Author : Henry J. Kaminski Publisher : Springer Science & Business Media Page : 314 pages File Size : 41,6 Mb Release : 2009-03-02 Category : Medical ISBN : 9781597451567
Myasthenia Gravis and Related Disorders by Henry J. Kaminski Pdf
Advances in the study and understanding of myasthenia gravis have led to the need for the publication of this important new edition. The goal of Myasthenia Gravis and Related Disorders, Second Edition is identical to the first -- to provide the clinician and the scientist with a common resource for understanding this complex disorder. This new edition begins with discussions of neuromuscular junction structure and function and follows with updated chapters covering a wide range of topics, such as the acetylcholine receptor, clinical presentation, diagnostic evaluation, and treatment. Importantly, new supplemental chapters have been added; these discuss rigorous clinical assessments of patients for research trials and the epidemiology and genetics of myasthenia gravis. The discussion of the most challenging aspects of myasthenia gravis, its impact on patients’ psychological make-up, has been expanded as well. Myasthenia Gravis and Related Disorders, Second Edition retains the “personal approach” of the authors regarding treatment and is a valuable resource for meeting the many and varied needs of patients with myasthenia gravis.
Myasthenia Gravis and Myasthenic Disorders by Andrew G. Engel Pdf
Myasthenia Gravis and Myasthenic Disorders, Second Edition is a thoroughly re-written and updated version of the highly successful first edition published in 1999. Comprehensively written by leaders at the forefront of research, not to mention thoroughly referenced throughout and gorgeously illustrated, this new edition of the classic 1999 text will cement its place as the text on Myasthenia Gravis and related disorders for years to come.

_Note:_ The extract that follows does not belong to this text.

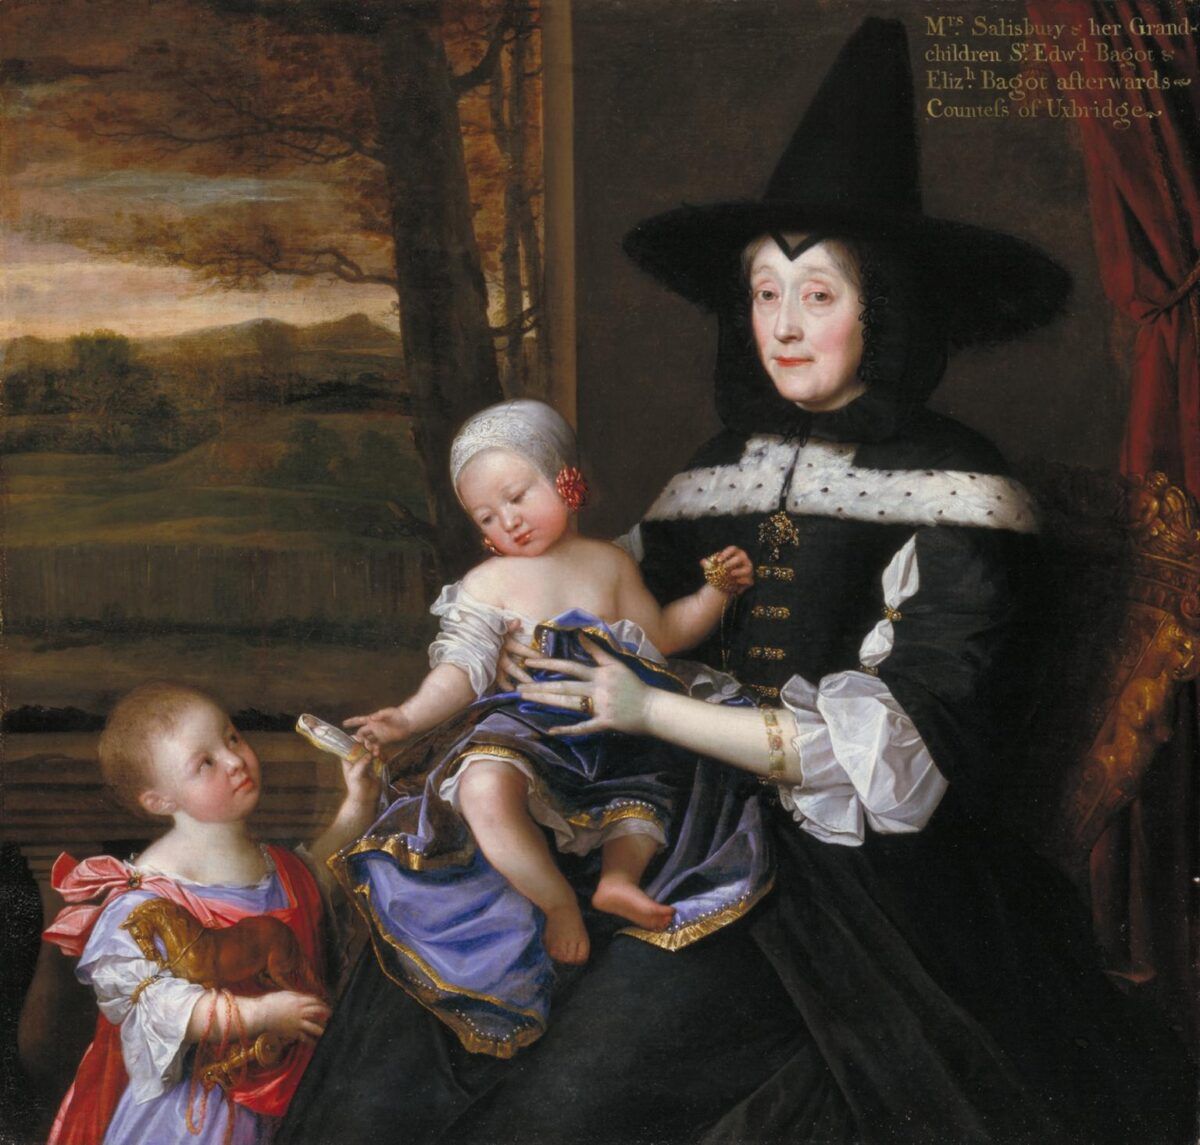 Portræt af fru Salesbury med sine børnebørn Edward og Elizabeth Bagot 1675-6 John Michael Wright 1617-1694 Præsenteret af Patrons of British Art gennem Tate Gallery Foundation 1993 http://www.tate.org.uk/art/work/T06750
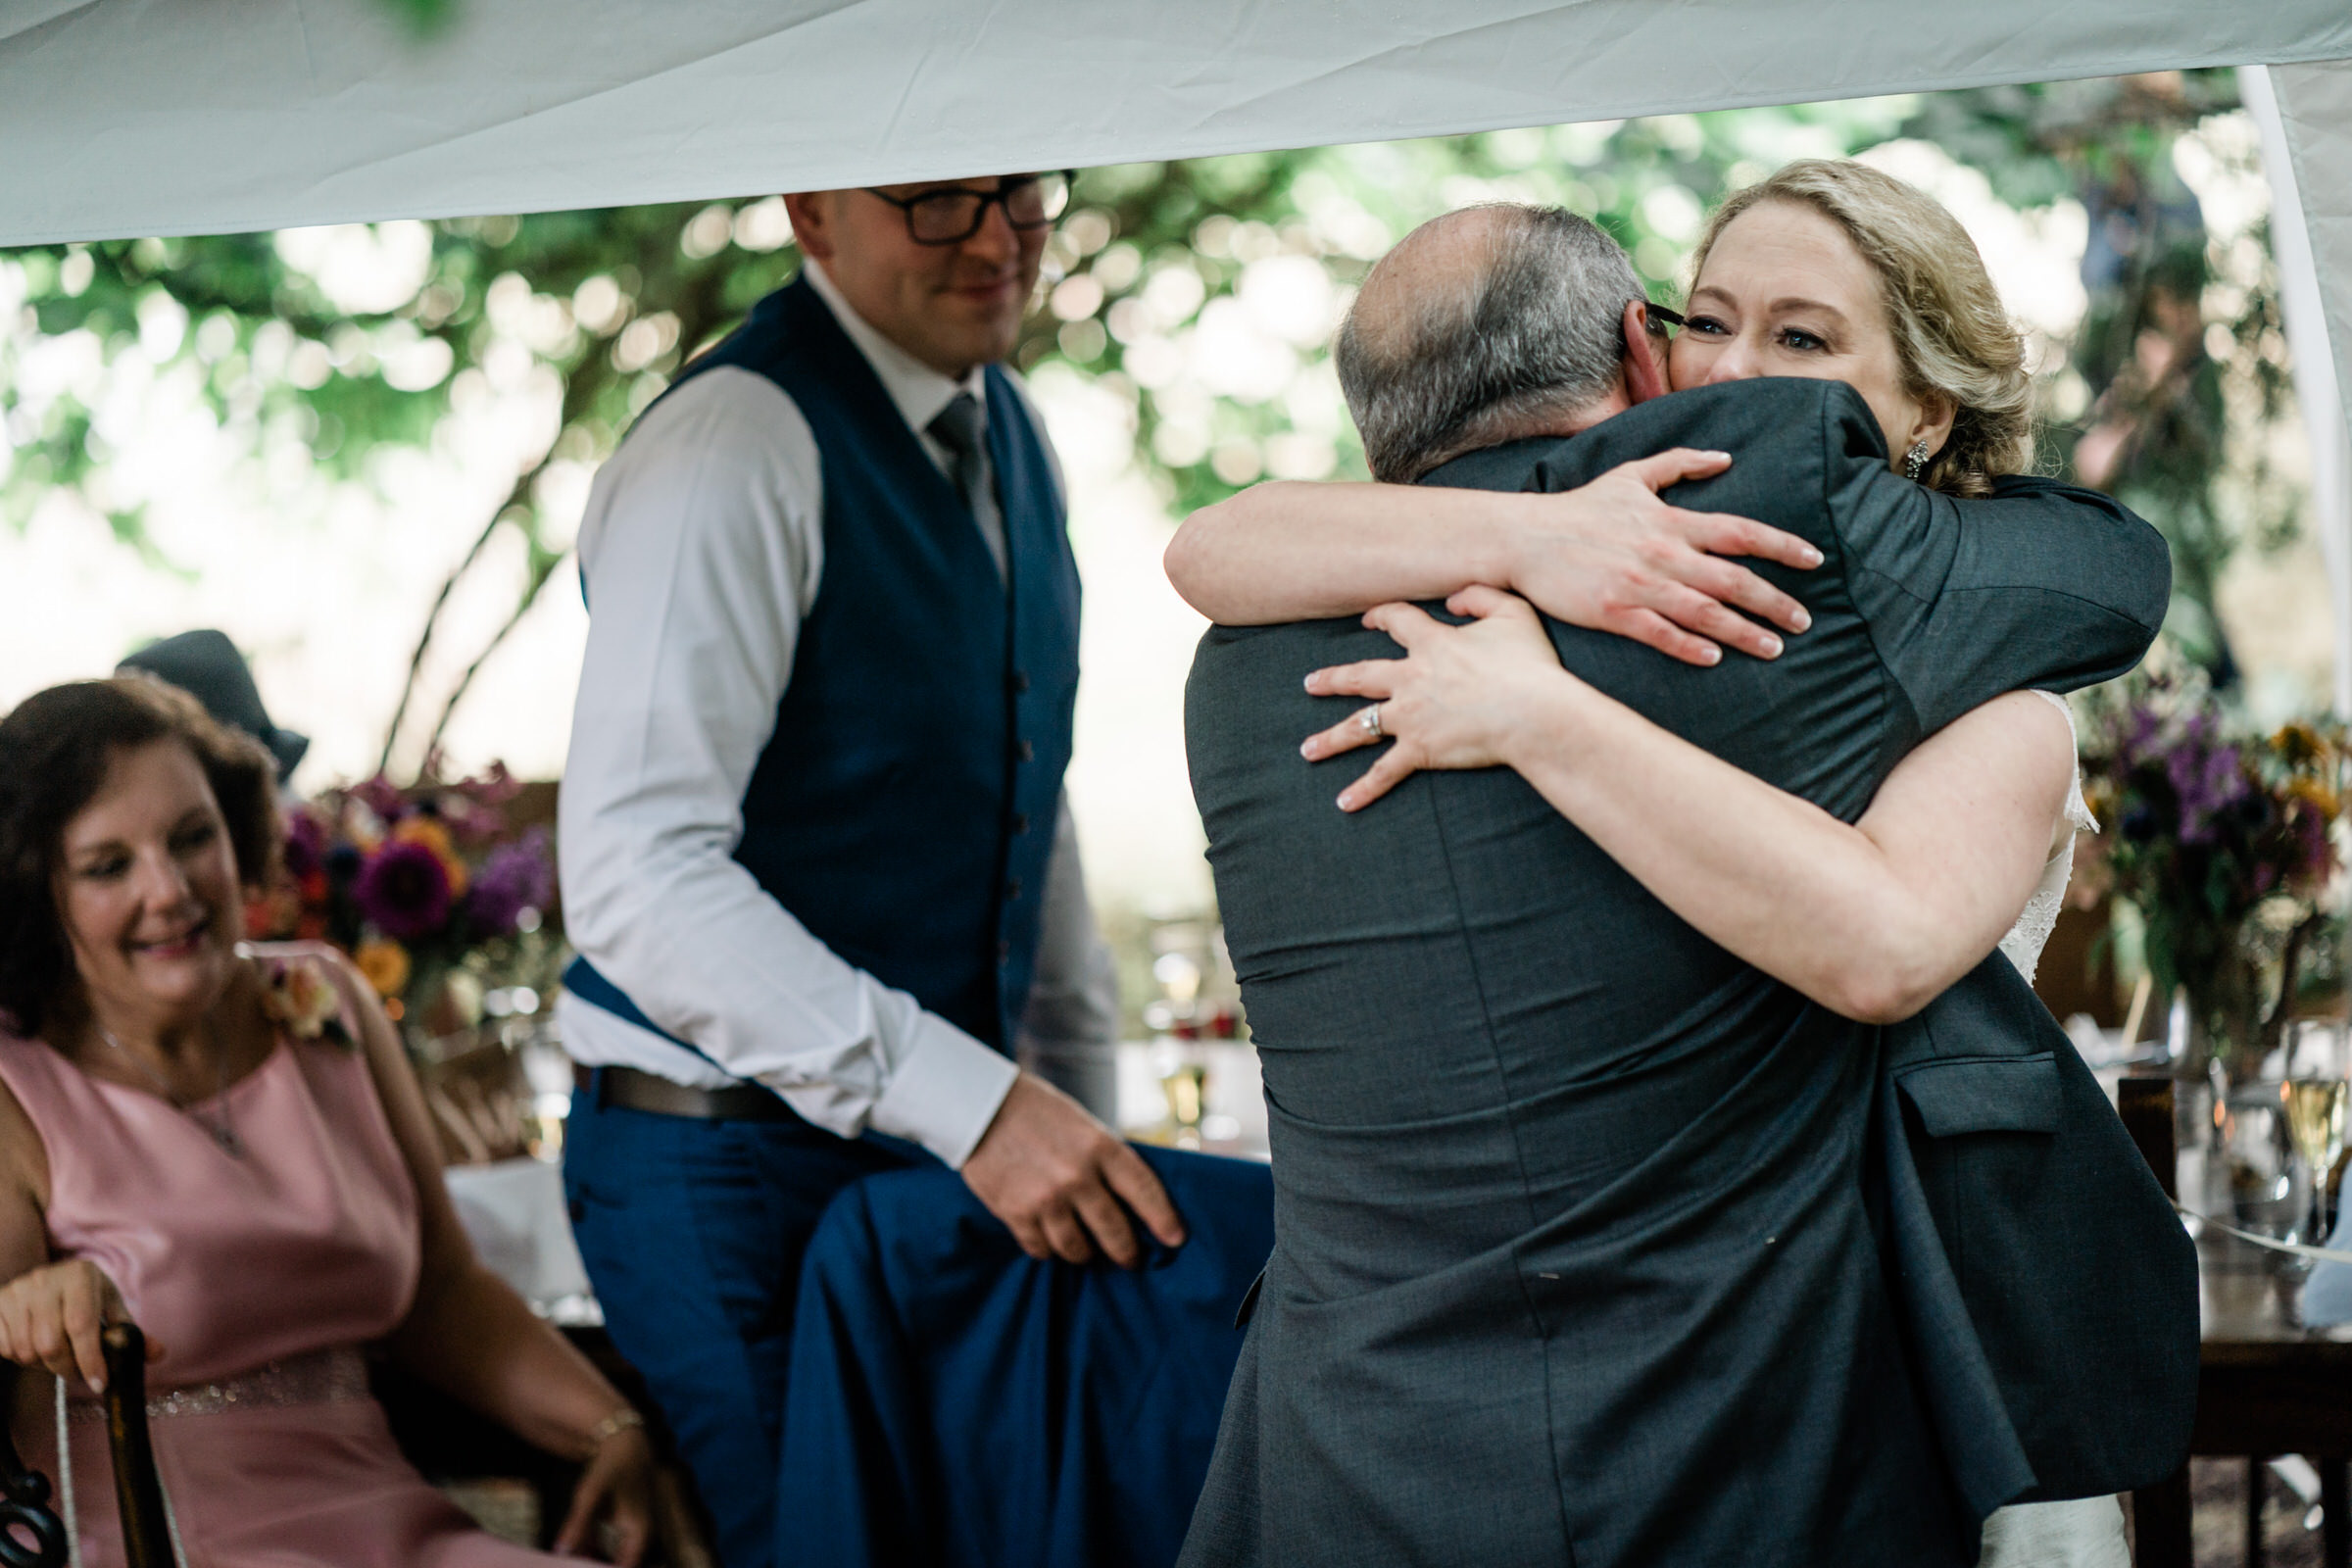 Wayfarer Whidbey Island Wedding: Joe's dad gives Sara a hug after his toast

Myasthenia Gravis and Related Disorders by Henry J. Kaminski,Richard Barohn Pdf
Basic and clinical investigators have contributed reports to this volume in which they explore new findings in myasthenia gravis and related diseases, exploring topics in basic science, translational research, and clinical science, including advances in therapies and treatment strategies. Topics covered include the following: structure and function of the neuromuscular junction; communication between nerve and muscle; structure and function of the acetylcholine receptor; neuromuscular junction pathology; autoimmunity and signaling; immunology of autoimmune disorders involving the neuron and presynaptic nerve terminal; autoimmune pathogenesis of myasthenia gravis; clinical treatments including thymectomy; myasthenia gravis due to muscle-specific kinase antibodies. NOTE: Annals volumes are available for sale as individual books or as a journal. For information on institutional journal subscriptions, please visit www.blackwellpublishing.com/nyas. ACADEMY MEMBERS: Please contact the New York Academy of Sciences directly to place your order (www.nyas.org). Members of the New York Academy of Science receive full-text access to the Annals online and discounts on print volumes. Please visit www.nyas.org/membership/main.asp for more information about becoming a member.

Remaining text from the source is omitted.